Resample Summary Statistics for Existing Simulation Object
Source:R/resample_sumstats.R
resample_sumstats.Rd
Resample Summary Statistics for Existing Simulation Object
Usage
resample_sumstats(
dat,
N,
R_LD = NULL,
af = NULL,
est_s = FALSE,
geno_scale = NULL,
new_env_var = NULL,
new_h2 = NULL,
new_R_E = NULL,
new_R_obs = NULL
)
Arguments
- dat
Object output by
sim_mv
- N
Sample size, scalar, vector, matrix. See
?sim_mv
for more details.- R_LD
LD pattern (optional). See
?sim_mv
for more details.- af
Allele frequencies. See
?sim_mv
for more details.- est_s
Logical, should estimates of se(beta_hat) be produced.
- geno_scale
Either "allele" or "sd". Specifies the scale of the effect sizes in the output data.
- new_env_var
Optional. The environmental variance in the new population. If missing the function will assume the environmental variance is the same as in the old population.
- new_h2
Optional. The heritability in the new population.
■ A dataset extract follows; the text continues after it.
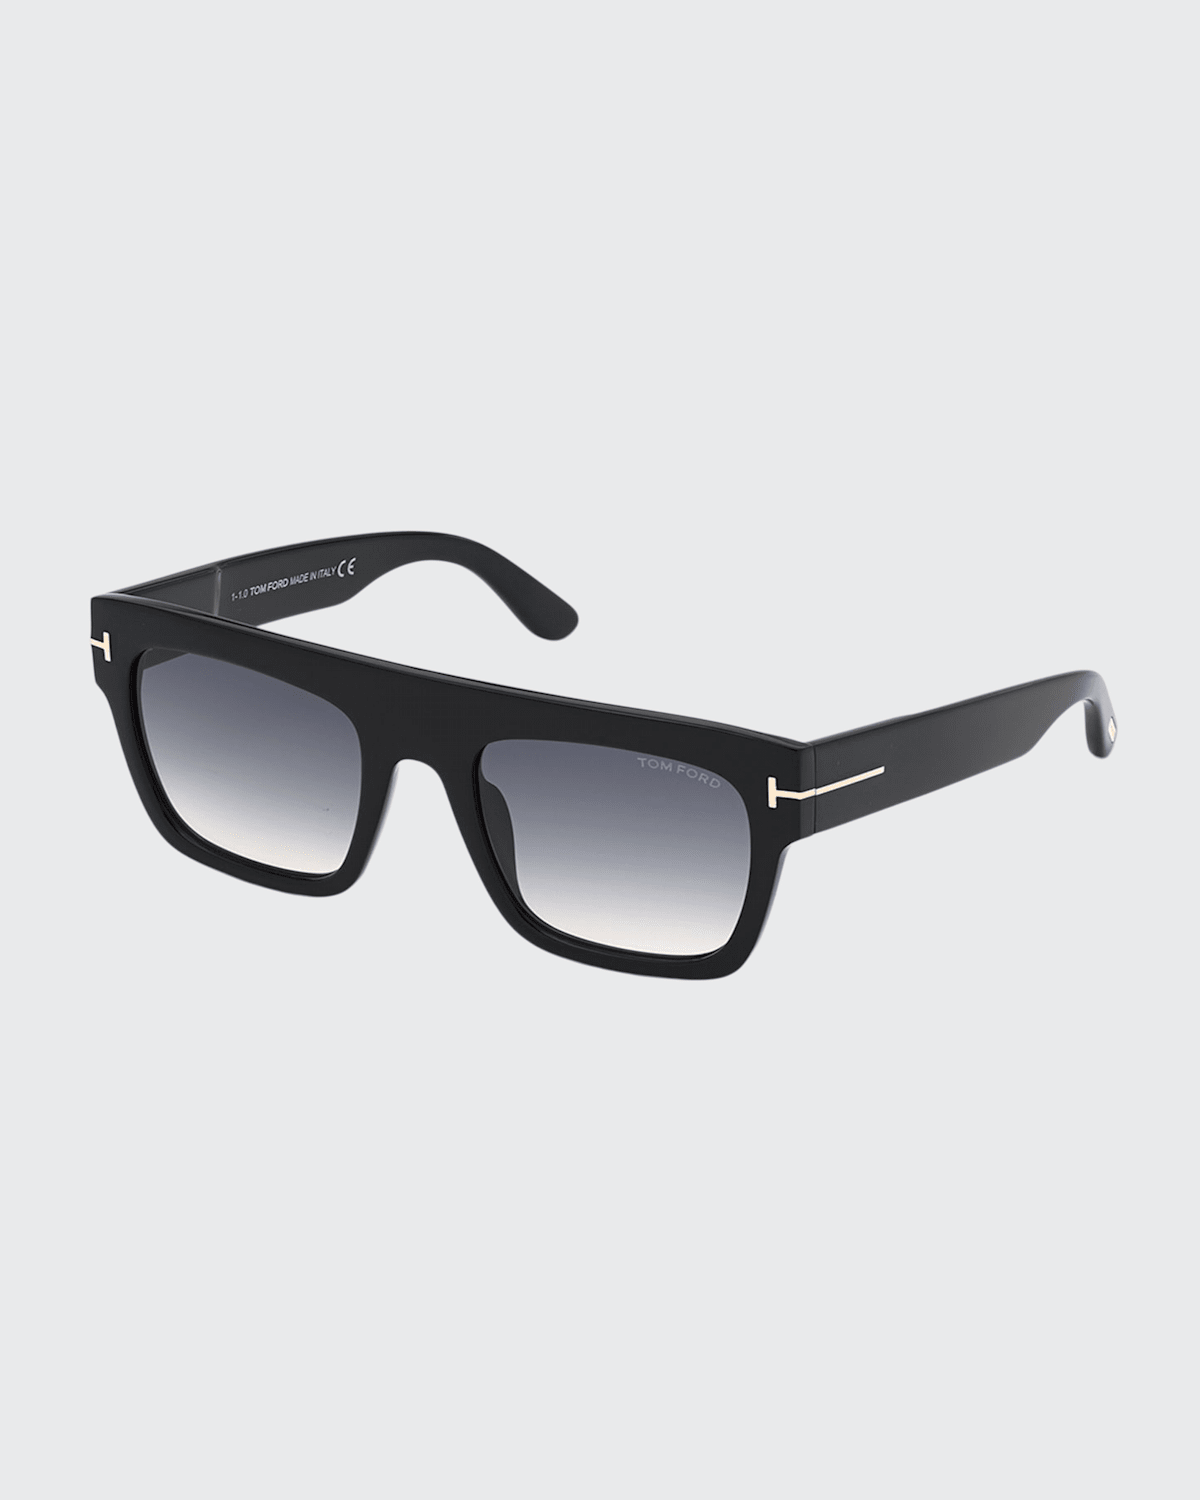 Tom Ford Renee Square Plastic Sunglasses In N/a

Provide at most one of
new_env_var
andnew_h2
.- new_R_E
Optional, specify environmental correlation in the new population. If missing, the function will assume the environmental correlation is the same as in the original data.
- new_R_obs
Optional, specify overall trait correlation in the new population. Specify at most one of
new_R_E
ornew_R_obs
. If missing, the function will assume the environmental correlation is the same as in the original data.
Details
This function can be used to generate new summary statistics for an existing simulation object.
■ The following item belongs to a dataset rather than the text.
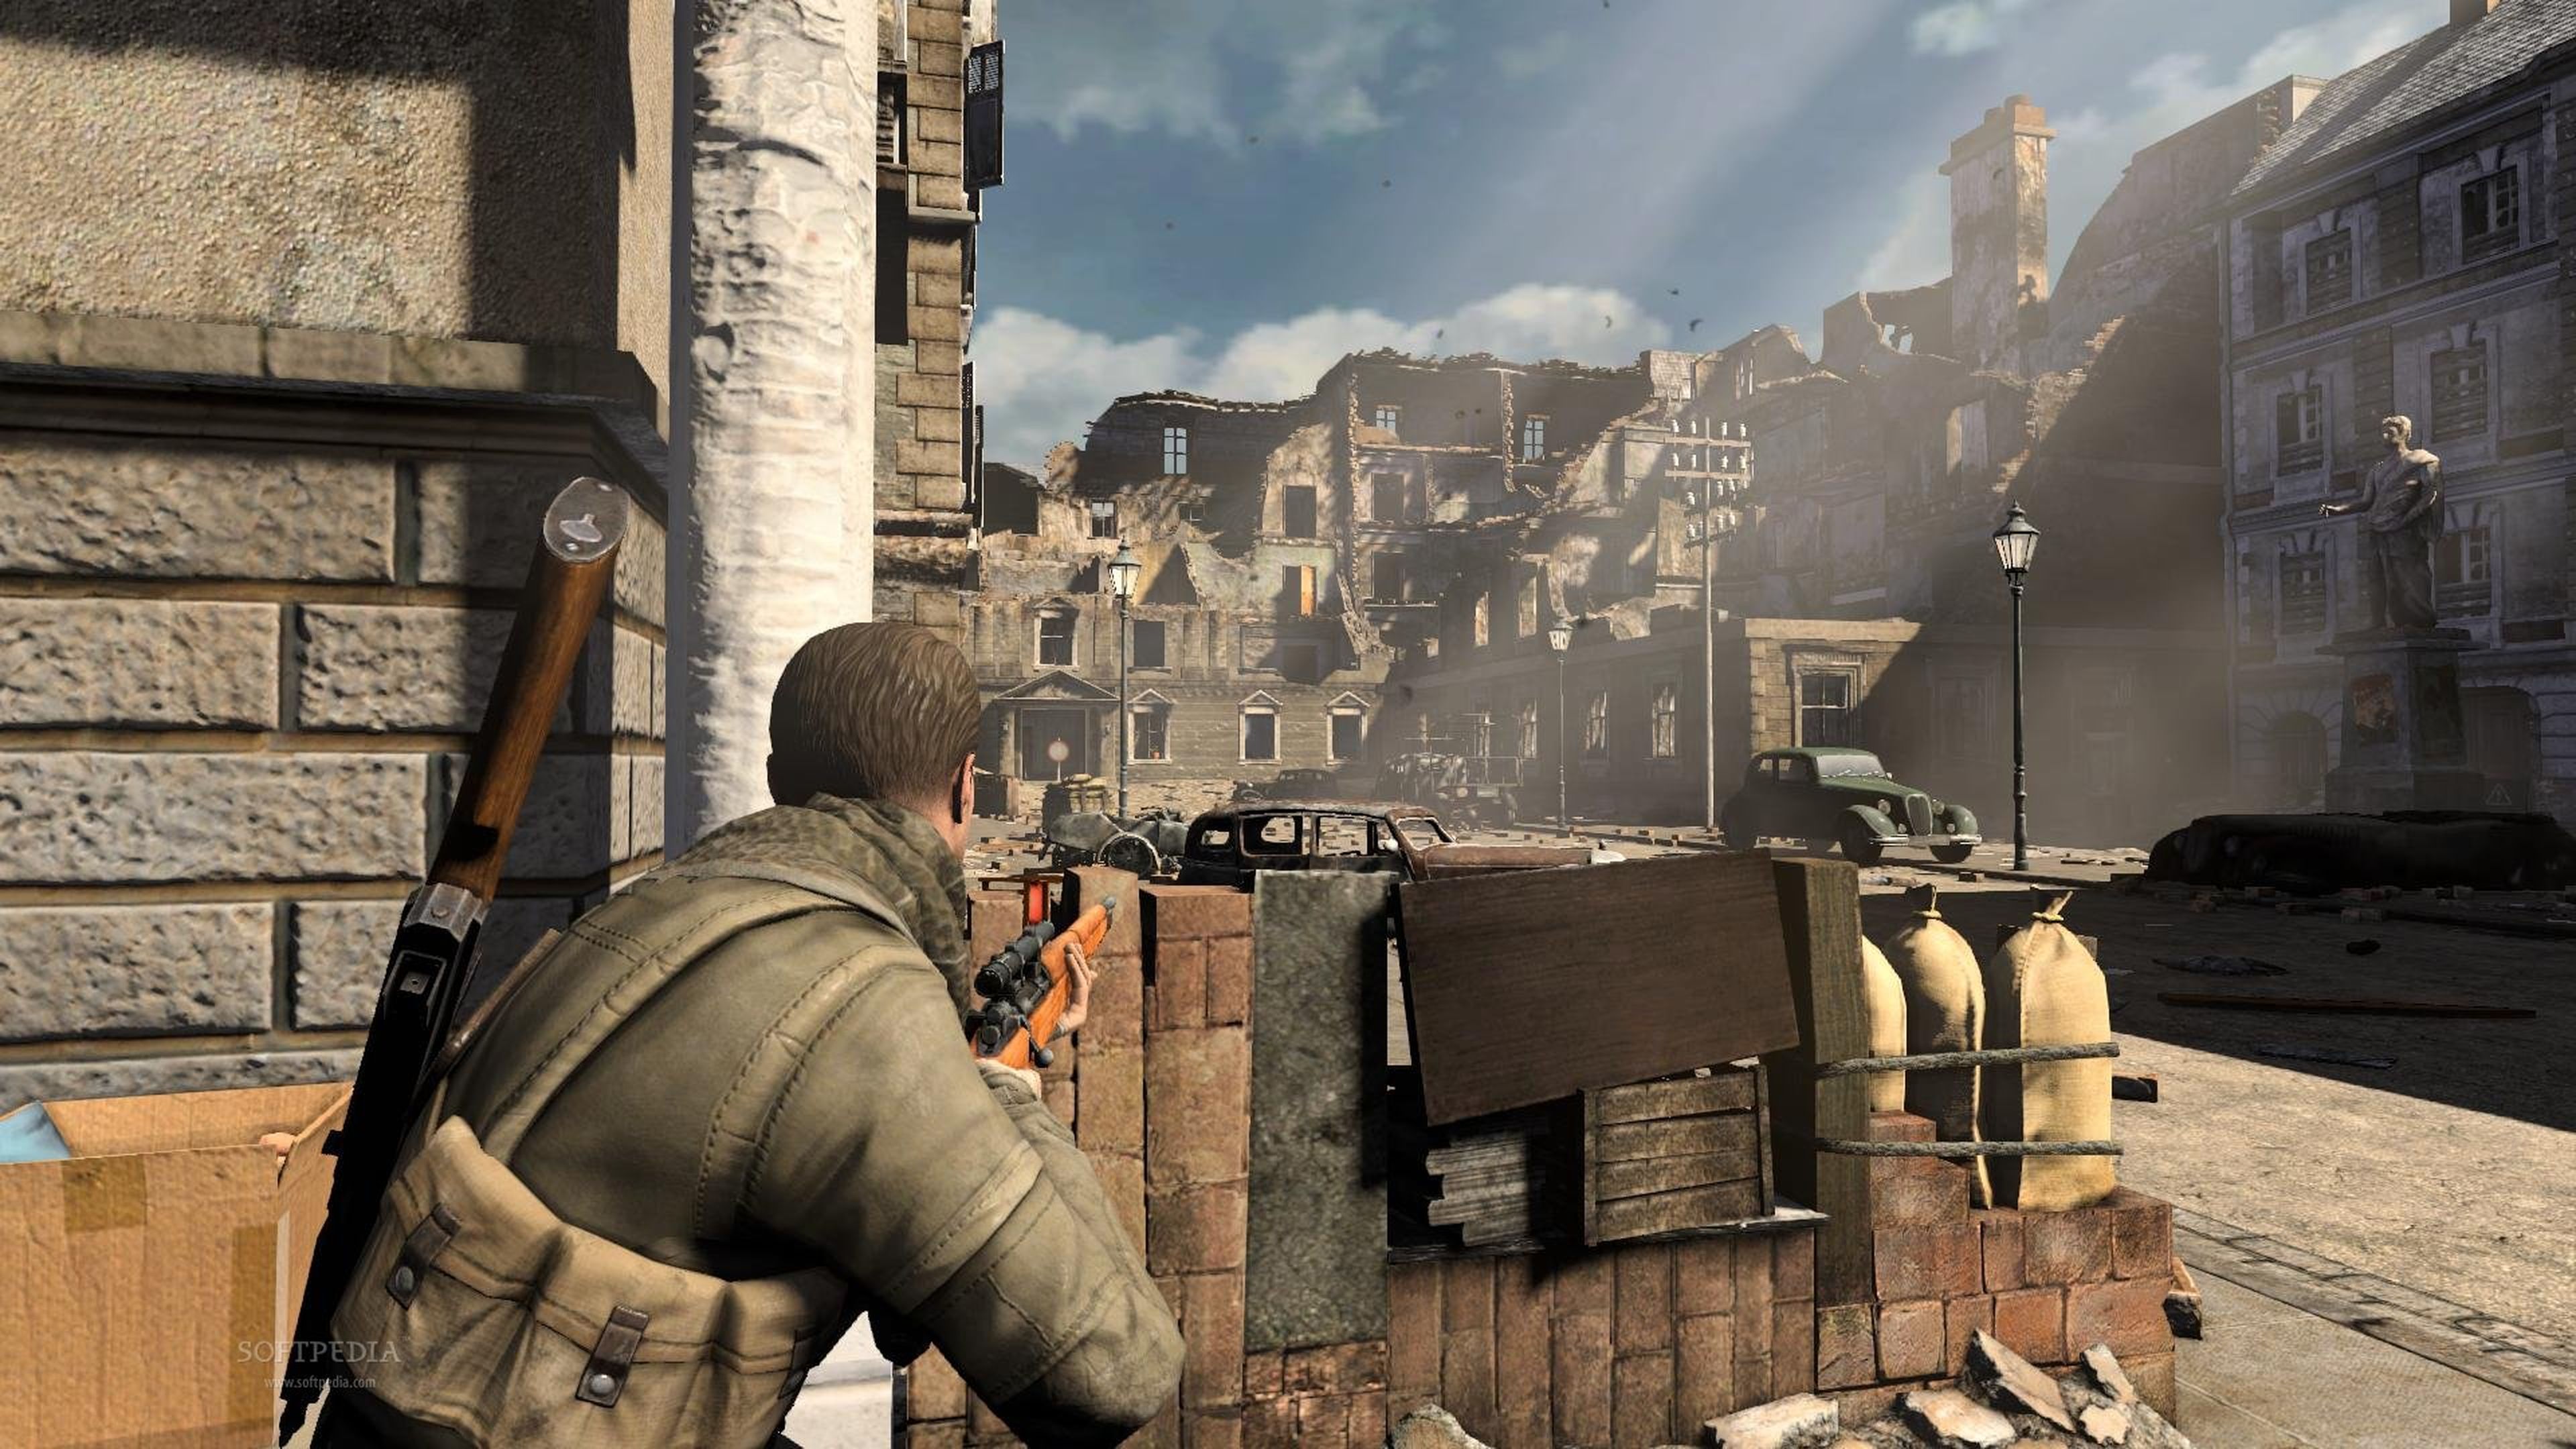 Sniper Elite V2 gratis en Steam momentáneamente

For a discussion of this function and resample_inddata
, see the "Resampling" vignette.
Examples
# Use resample_sumstats to generate new GWAS results with the same effect sizes.
N <- matrix(1000, nrow = 2, ncol =2)
G <- matrix(0, nrow = 2, ncol = 2)
R_E <- matrix(c(1, 0.8, 0.8, 1), nrow = 2, ncol = 2)
# original data
dat <- sim_mv(N = N, J = 20000, h2 = c(0.4, 0.3), pi = 1000/20000,
G = G, R_E = R_E)
#> SNP effects provided for 20000 SNPs and 2 traits.
# data for second GWAS
dat_new <- resample_sumstats(dat,
N = 40000)
#> I will assume that the environmental variance is the same in the old and new population.
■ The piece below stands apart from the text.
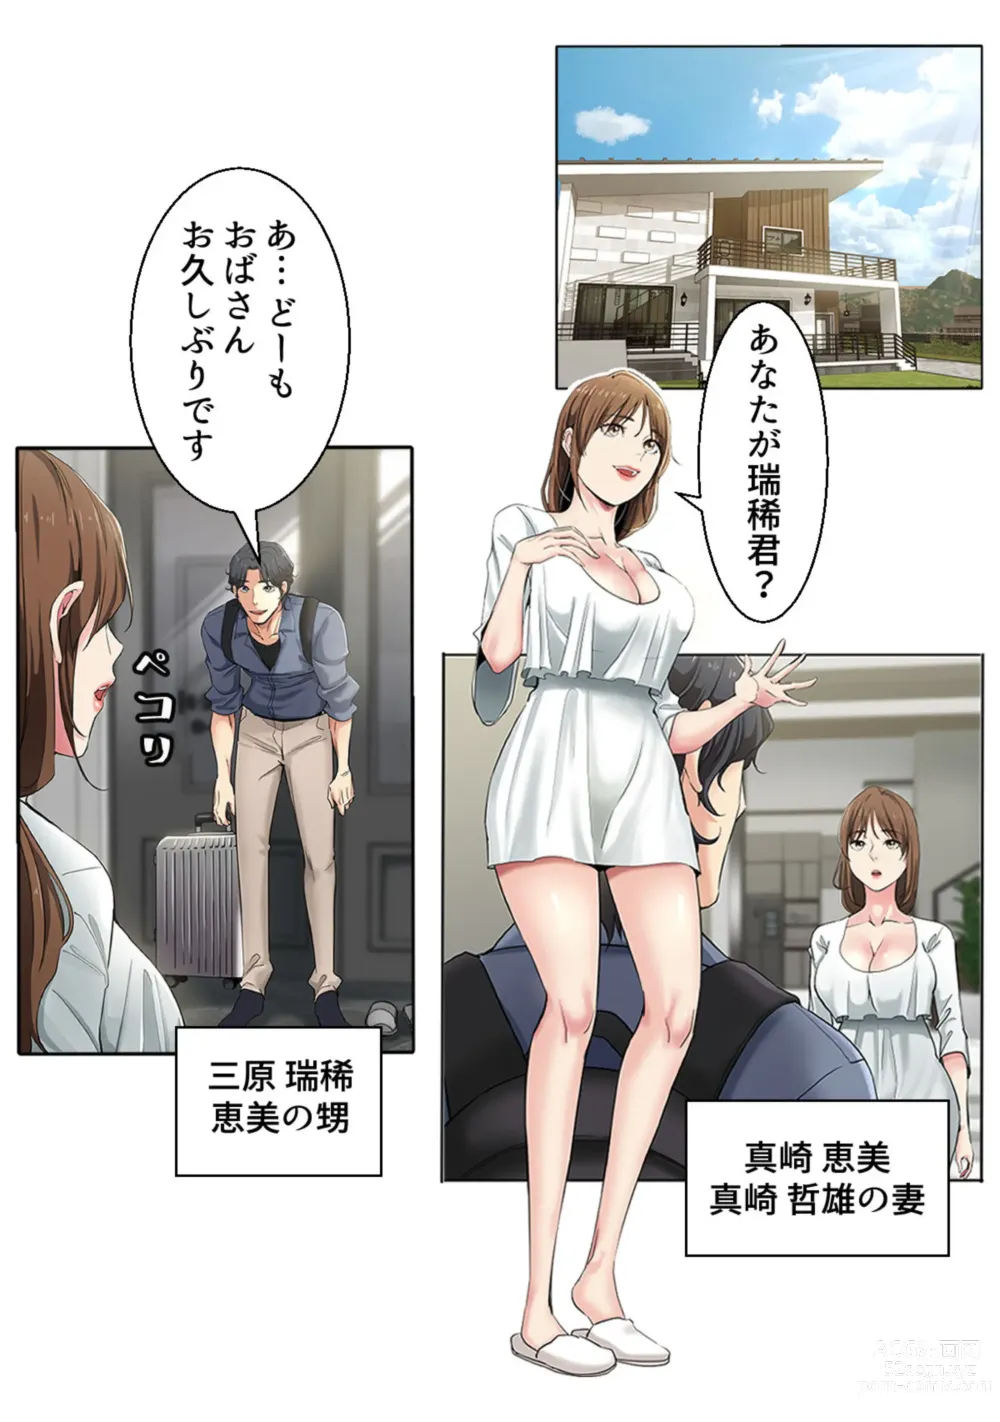 Page 2 of manga Ikemen Oikko to Miwaku no Yoga Ressun 1

#> I will assume that environmental correlation is the same in the old and new population. Note that this could result in different overall trait correlations.
#> Note that the phenotype in the new population has a different variance from the phenotype in the old population.
#> I will keep the phenotype on the same scale as the original data, so effect sizes in the old and new object are comparable. If you would like to rescale the phenotype to have variance 1, use rescale_sumstats.
#> Original data have effects on the per-genotype sd scale. I will assume that per-genotype sd effects are the same in the new and old populations.
#> SNP effects provided for 20000 SNPs and 2 traits.